Introduction

Binocular diplopia is the simultaneous perception of two images of a single object and is characterized by the disappearance of the double image on closing either eye [1]. In addition to diplopia, patients may also complain of visual confusion and be found to have a disturbed vestibulo–ocular reflex, and collectively, these symptoms may be referred to as acute onset binocular diplopia (AOBD) [2]. AOBD is a manifestation of a number of neurologic and neuromuscular disorders.

Many previous published reports on diplopia were limited to specific patient cohorts such as patients presenting to a squint clinic [3], a general ophthalmic outpatient clinic [4], the orthoptic clinic [5] or patients presenting with diplopia due to a specific cause [6].

Only a few studies have examined the causes of diplopia in patients presenting to an ophthalmology emergency department with limited reporting of final outcomes [2, 7, 8].

The author, hereby, describes the demography, aetiology (with an emphasis on vascular risk factors) and outcomes of AOBD in a Middle-Eastern population.

Methods

The medical records of 100 consecutive patients with AOBD who presented to the emergency department of Dhahran Eye Specialist Hospital in Saudi Arabia were reviewed retrospectively.
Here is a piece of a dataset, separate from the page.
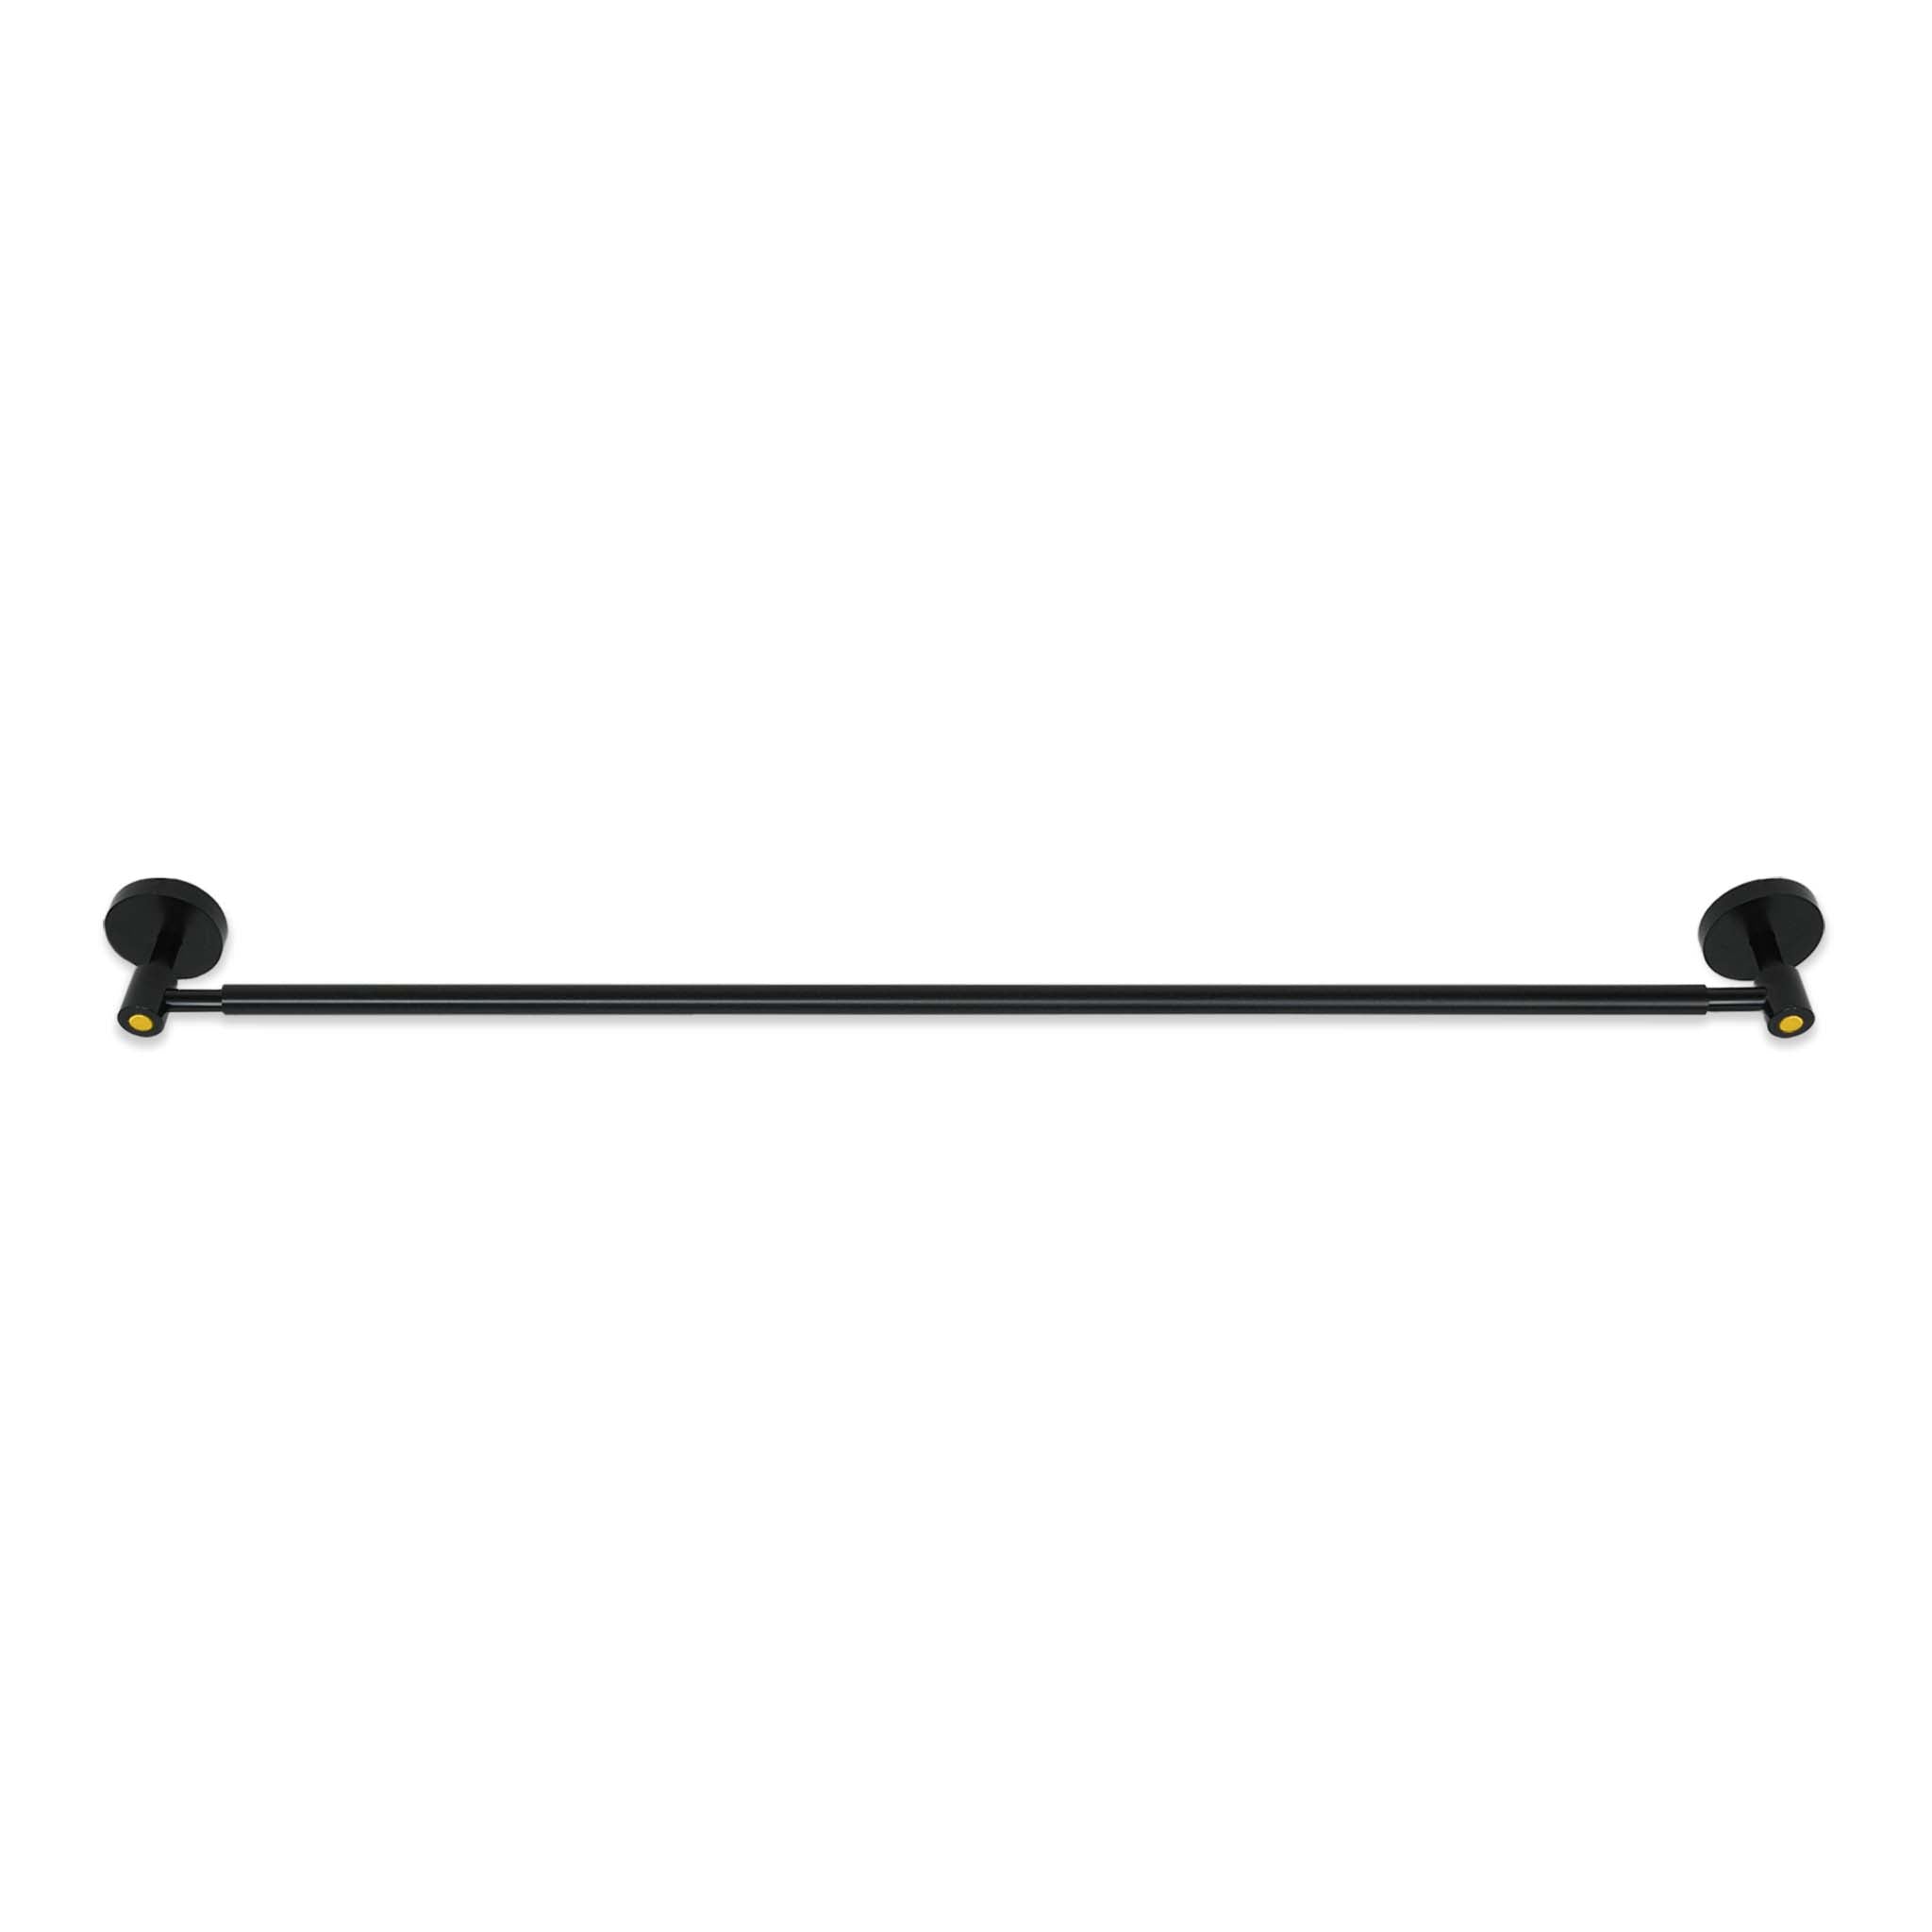 Black and ochre color Head towel bar 24" Dutton Brown hardware

An approval was obtained from the local research and ethics committee. The emergency department of this hospital accepts patients referred by ophthalmologists, neurologists and general practitioners, as well as self-referred patients. All the patients underwent full blood count, erythrocyte sedimentation rate, blood sugar, haemoglobin A1c, lipid profile, renal and liver function tests. The patients less than 50 years of age were investigated for connective tissue disorders as well. A contrast magnetic resonance imaging (MRI) of brain and orbit was performed to elucidate aetiology other than microvascular ischaemia in the following subgroups of patients: age less than 50 years, partial pupil sparing and/or incomplete oculomotor nerve palsy, lack of improvement in motility disturbance after 8 weeks and those with history of malignancy or immunosuppression. Patients with third nerve palsy involving pupil were referred acutely to neurosurgery.
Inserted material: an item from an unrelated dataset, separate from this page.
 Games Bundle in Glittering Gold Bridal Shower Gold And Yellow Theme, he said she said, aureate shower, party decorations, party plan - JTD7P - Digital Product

The information about their demographics, vascular risk factors, clinical features, imaging findings and clinical progress collated. Patients with monocular diplopia or binocular diplopia accompanied by other neurological deficits or thyroid eye disease were excluded from this study. All cases were followed in the neuroophthalmology clinic every 4 weeks until resolution of the diplopia in primary gaze. Thereafter, they were followed up every 6 weeks until the manifest deviation had resolved in all cardinal gaze positions, ptosis had resolved completely or their referral to another specialty for further management of their diplopia.

Results

Male:female ratio was 2:1. Mean age (±SD) of cohort was 53.55 (±16.3) years (median 56 years, range 18–90 years), Fig. 1a.

Fig. 1
figure 1

a Bar diagram shows age and gender distribution of patients. X axis for age groups and Y axis for numbers. b, c Magnetic resonance imaging in a patient with right abducens nerve palsy. Axial T2 sequence shows sphenoid sinusitis (a) that resolved after antibiotic treatment (b), accompanied by resolution of abducens nerve palsy

Ocular motor cranial nerve palsy (OMCNP)

Two patients presented with AOBD due to traumatic cranial nerve paresis following road traffic accidents had oculomotor nerve palsy (n = 1) and bilateral abducens nerve palsy (n = 1).
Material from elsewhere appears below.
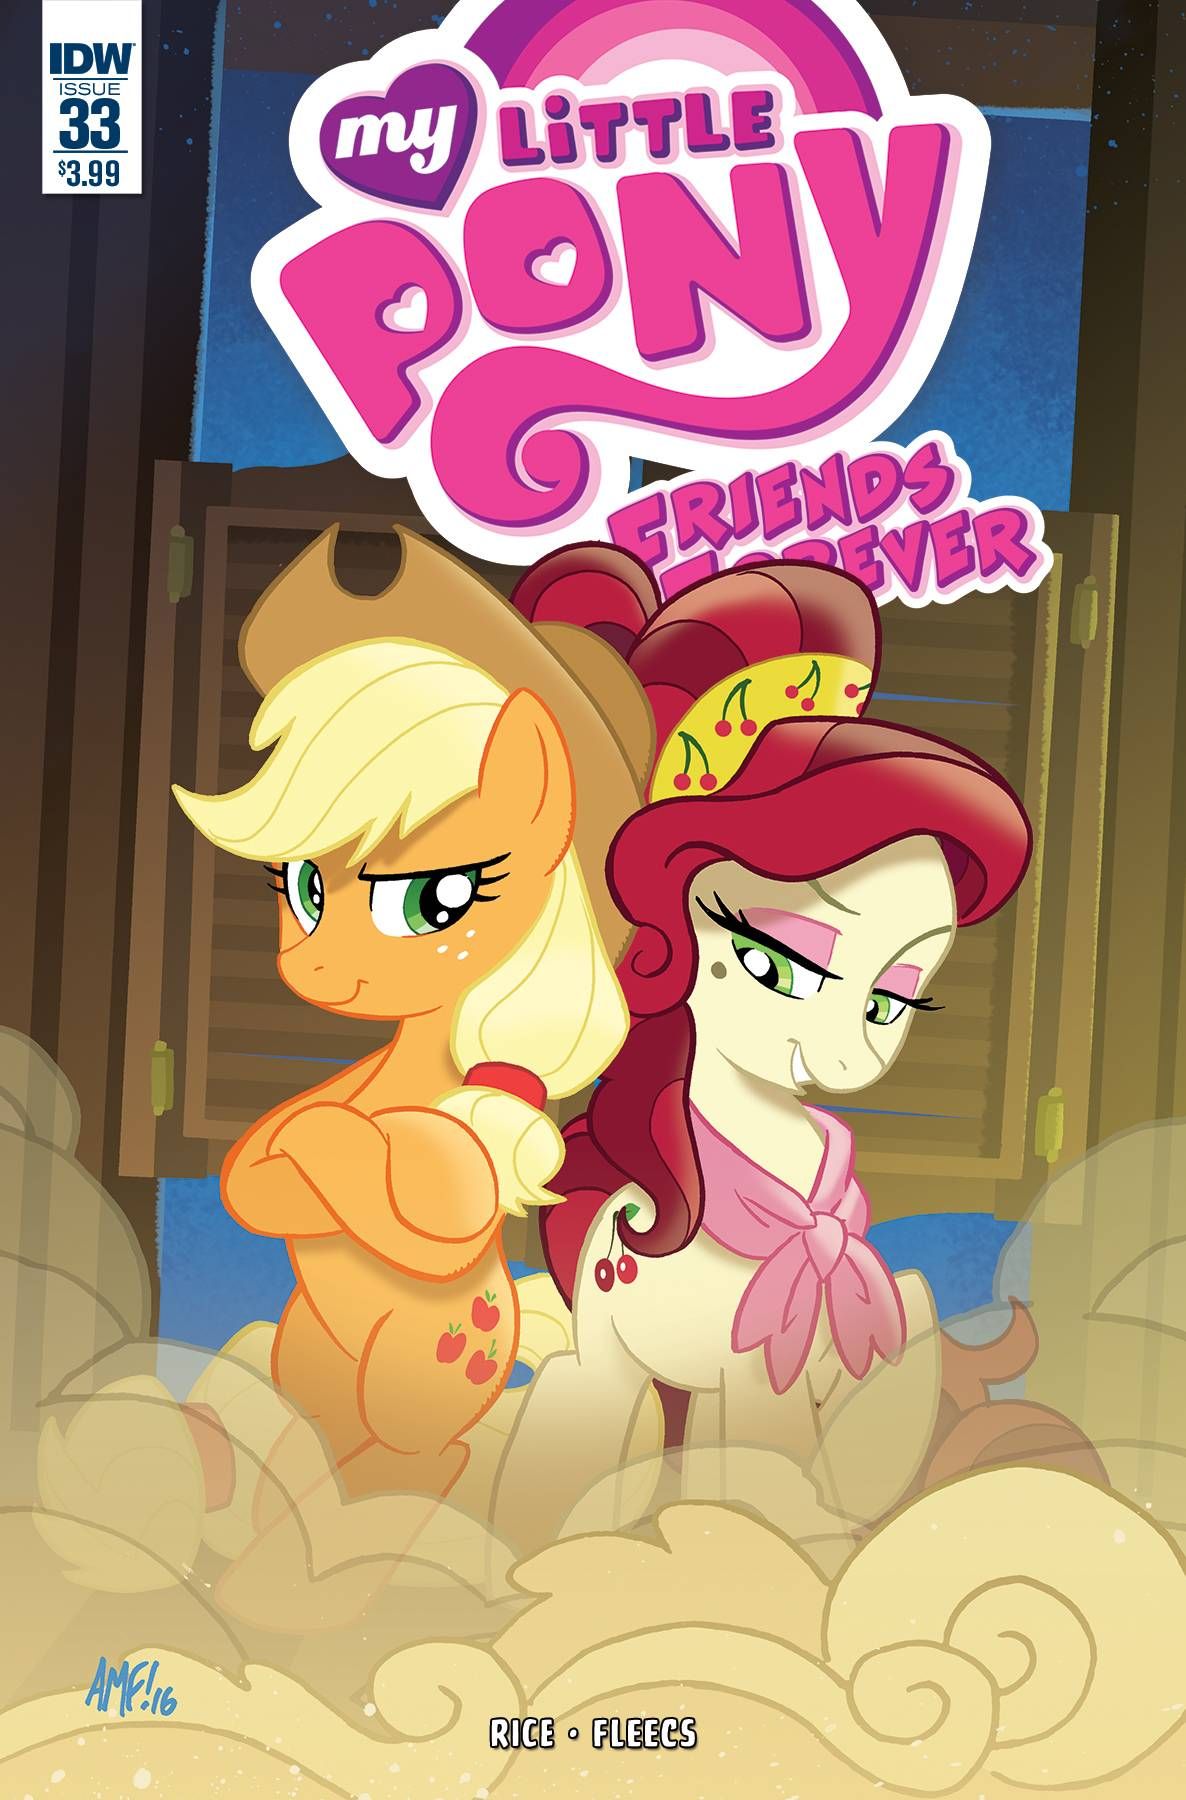 My Little Pony Friends Forever #33 Comic

Among non-traumatic causes, acute OMCNP accounted for in 90 patients (Table 1). Abducens nerve palsy was commonest (n = 56 patients), followed by oculomotor nerve palsy (n = 31 patients) and trochlear nerve palsy (n = 3 patients). Ocular myasthenia gravis mimicking as OMCNP was diagnosed in eight patients.

Table 1 Summary of studies on diplopia

Of 90 patients of non-traumatic OMCNP, microvascular ischaemic risk factors were present in 76 patients (Table 2). Non-ischaemic causes (n = 7) included multiple sclerosis (MS), sphenoid sinusitis, Tolosa–Hunt syndrome, chronic lymphocytic leukaemia, idiopathic intracranial hypertension (IIH), cerebral venous sinus thrombosis (CVST) and pontine infarction. In a patient with sphenoid sinusitis, abducens nerve palsy resolved after antibiotic treatment (Fig. 1b, c). No underlying cause or risk factors could be identified in seven patients though AOBD resolved spontaneously in all of them. In OMCNP group, right eye was involved in 52/90 patients. The median age of microvascular ischaemic OMCNP was 57 years (range 28–90). Half of the patients with ischaemic OMCNP reported mild-to-moderate periocular pain or headache. Most patients with ischaemic oculomotor nerve palsy progressed to complete ophthalmoplegia within a week of the onset of diplopia. In partial third nerve palsy, all muscles supplied by third nerve were affected albeit to variable degree. Abducens nerve palsy presented with variable degree of impairment of abduction. The magnitude of motility limitation at the time of presentation did not have any prognostic value. Vertical diplopia with mild ptosis was the commonest presentation of ocular myasthenia gravis in this study. OMCNP resolved completely in 12–30 weeks in 98% of patients. Ischaemic OMCNP resolved earlier in patients who were younger than 50 years of age.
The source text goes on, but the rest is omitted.